Exercise goal
Only the lines below from the one that holds "Garajes: espacios con potencial ecológico" through the one that holds "зарегистрирован в Узбекистане" should appear in the answer, copied exactly, end lines included and pictures omitted.

*** Opening of Provided data ***

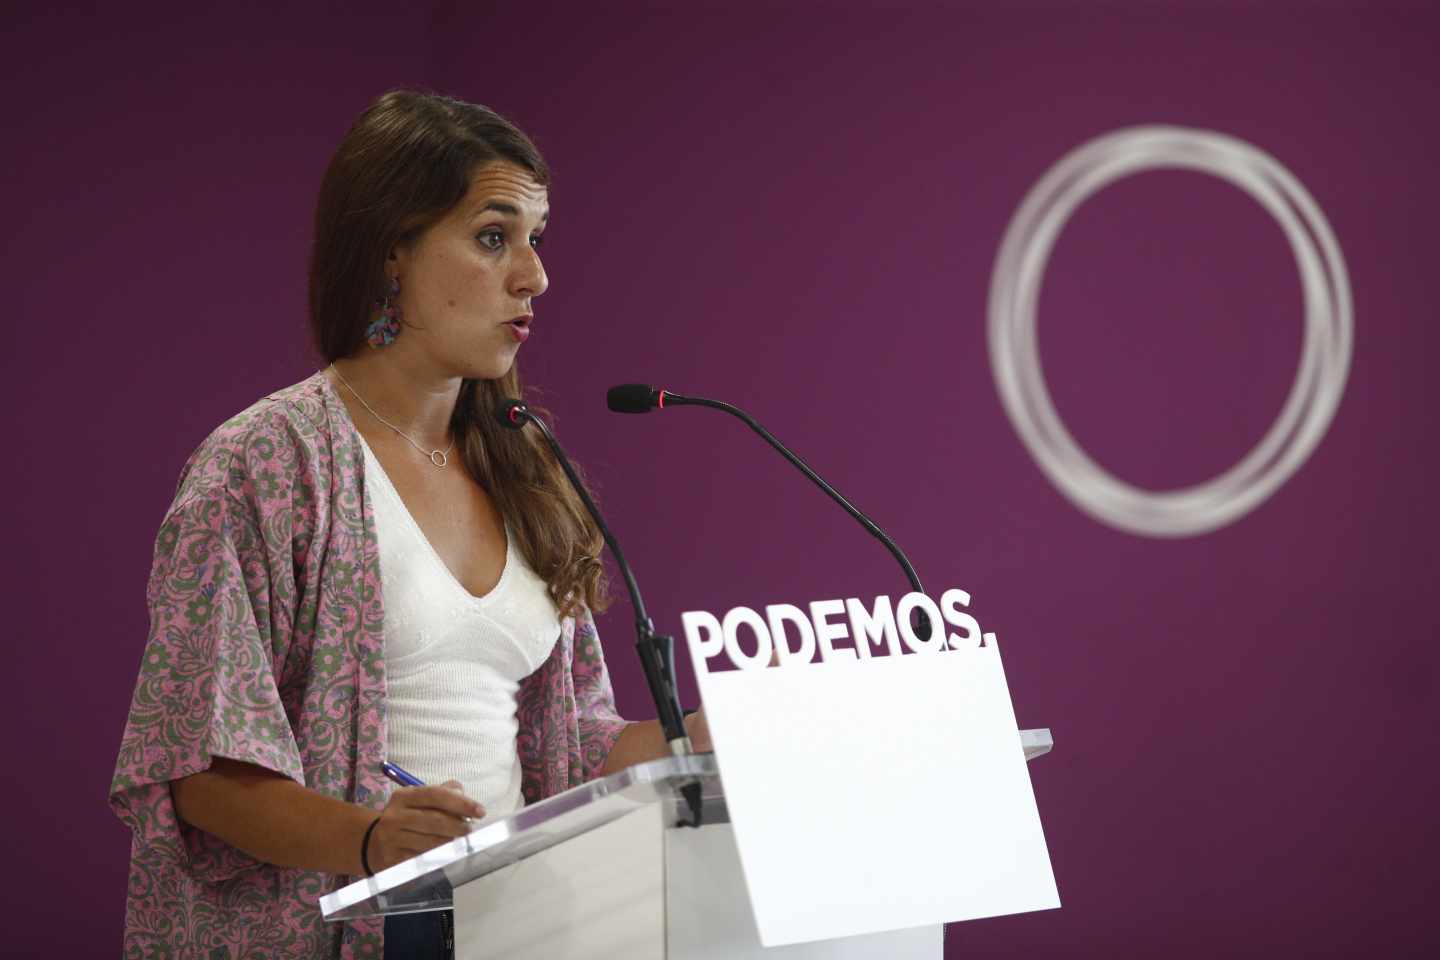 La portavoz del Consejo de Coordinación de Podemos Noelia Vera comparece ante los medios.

*** Close of Provided data ***
*** Opening of Provided data ***

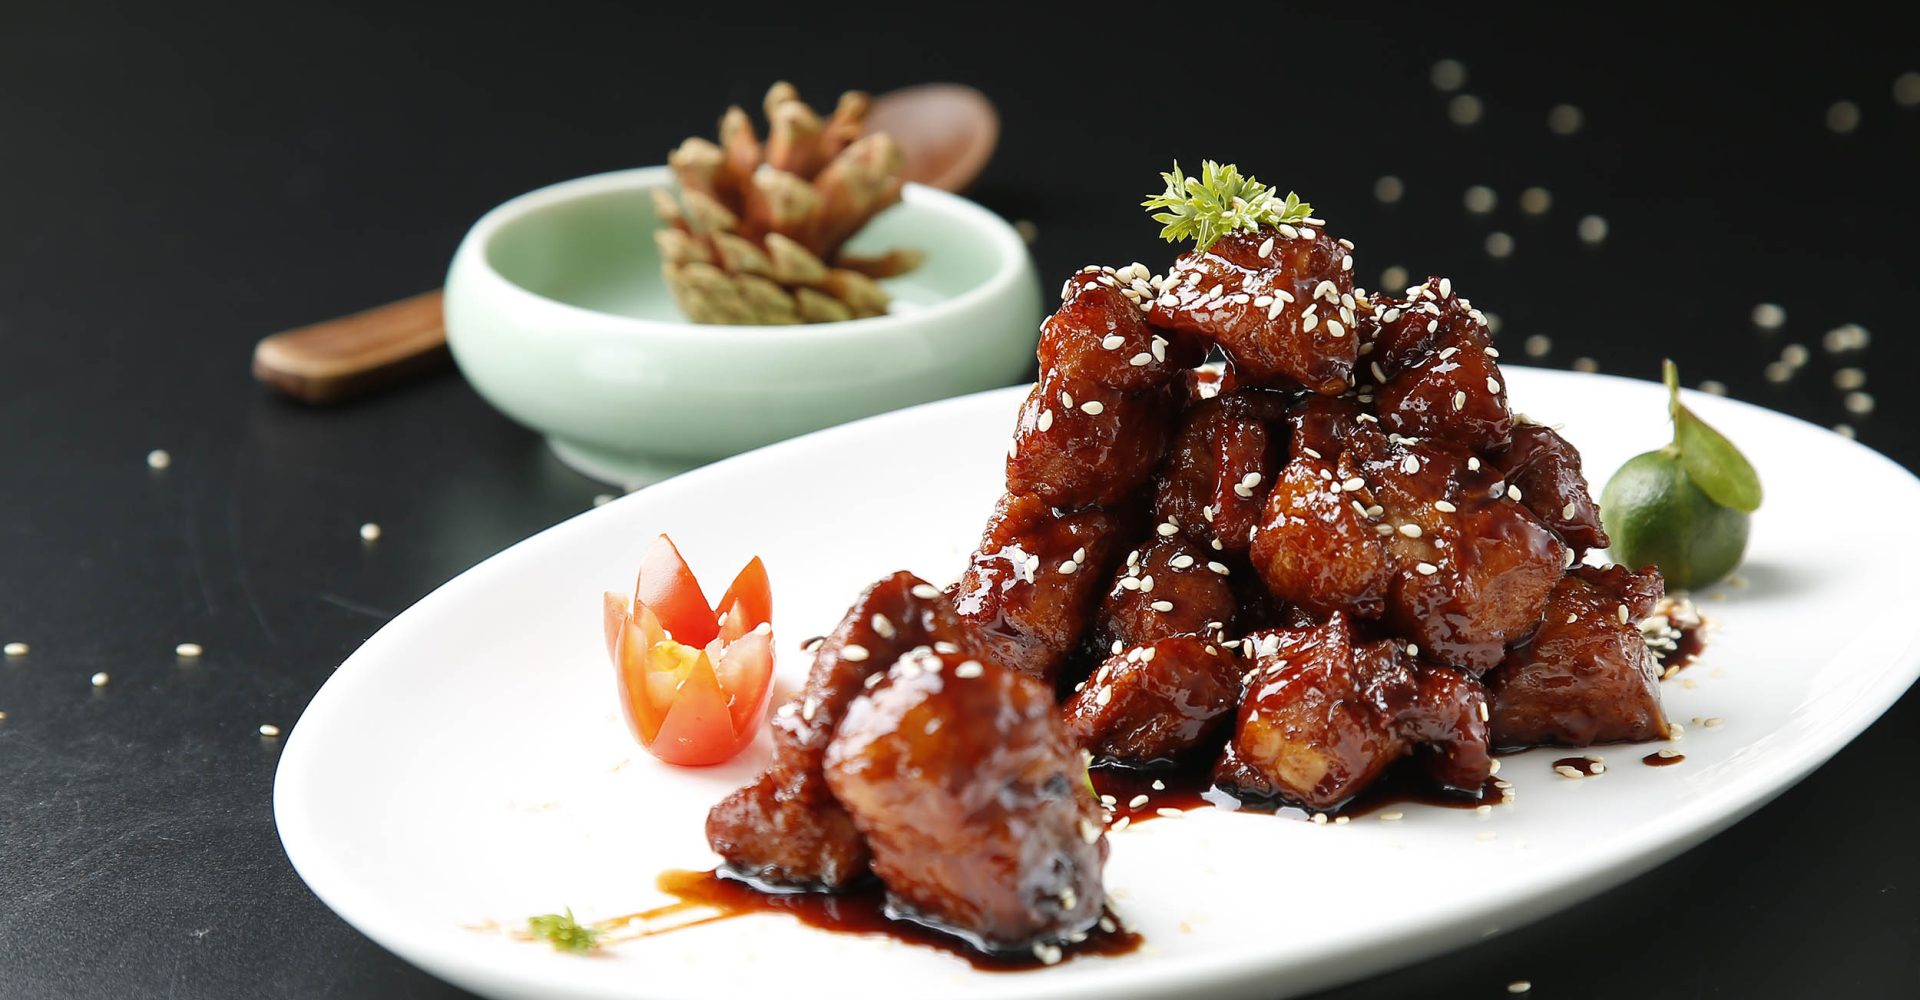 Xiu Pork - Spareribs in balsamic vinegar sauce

*** Close of Provided data ***
*** Opening of Provided data ***

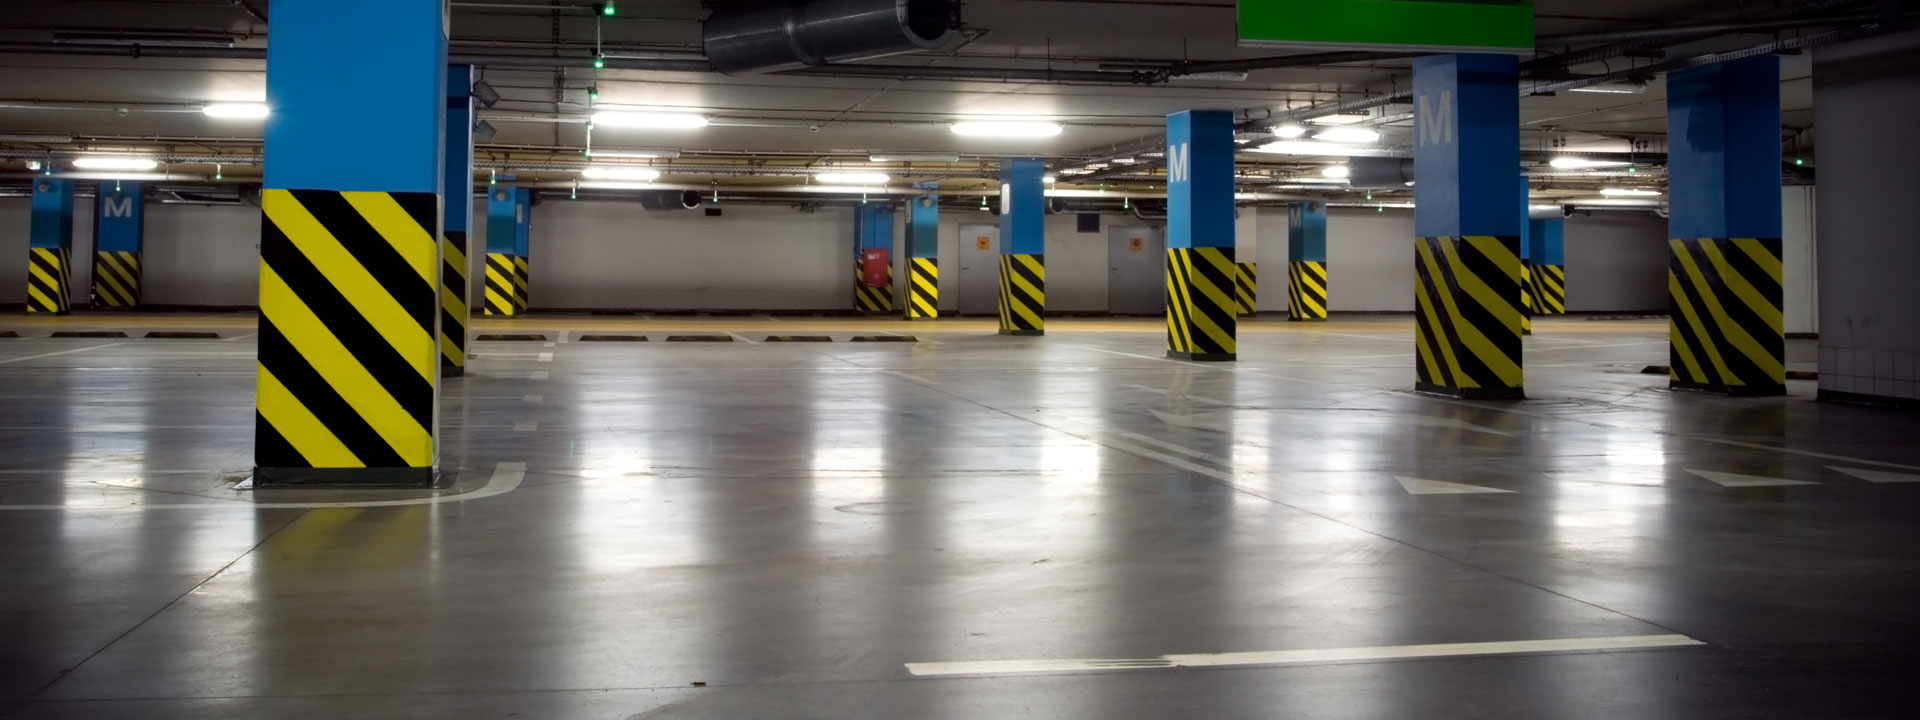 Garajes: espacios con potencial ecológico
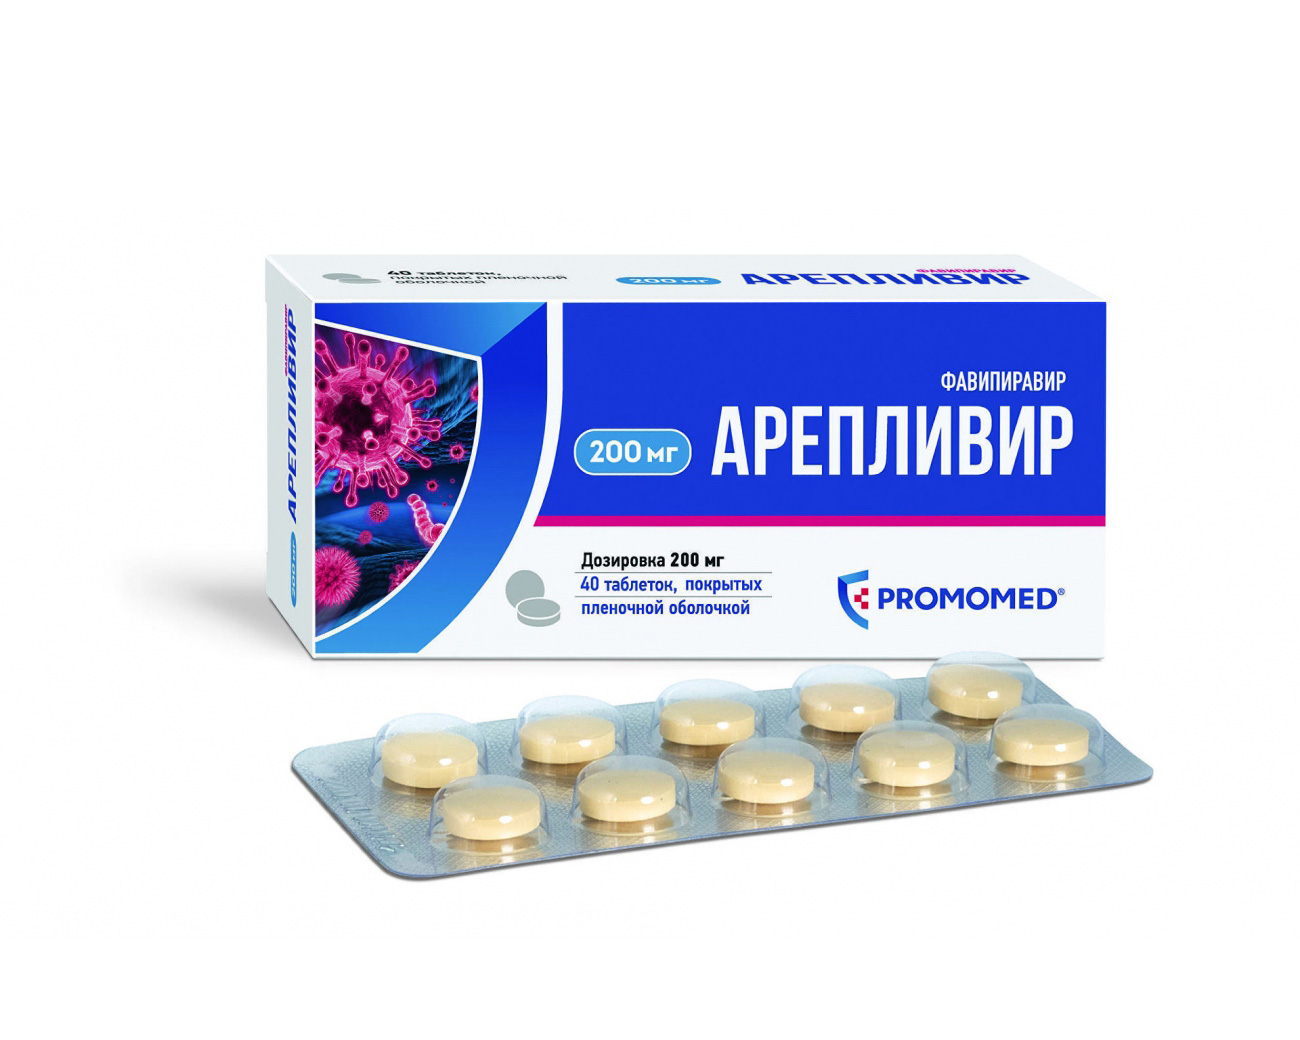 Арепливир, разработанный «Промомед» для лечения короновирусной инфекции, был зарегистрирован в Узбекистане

*** Close of Provided data ***

Answer space
 Garajes: espacios con potencial ecológico
 Арепливир, разработанный «Промомед» для лечения короновирусной инфекции, был зарегистрирован в Узбекистане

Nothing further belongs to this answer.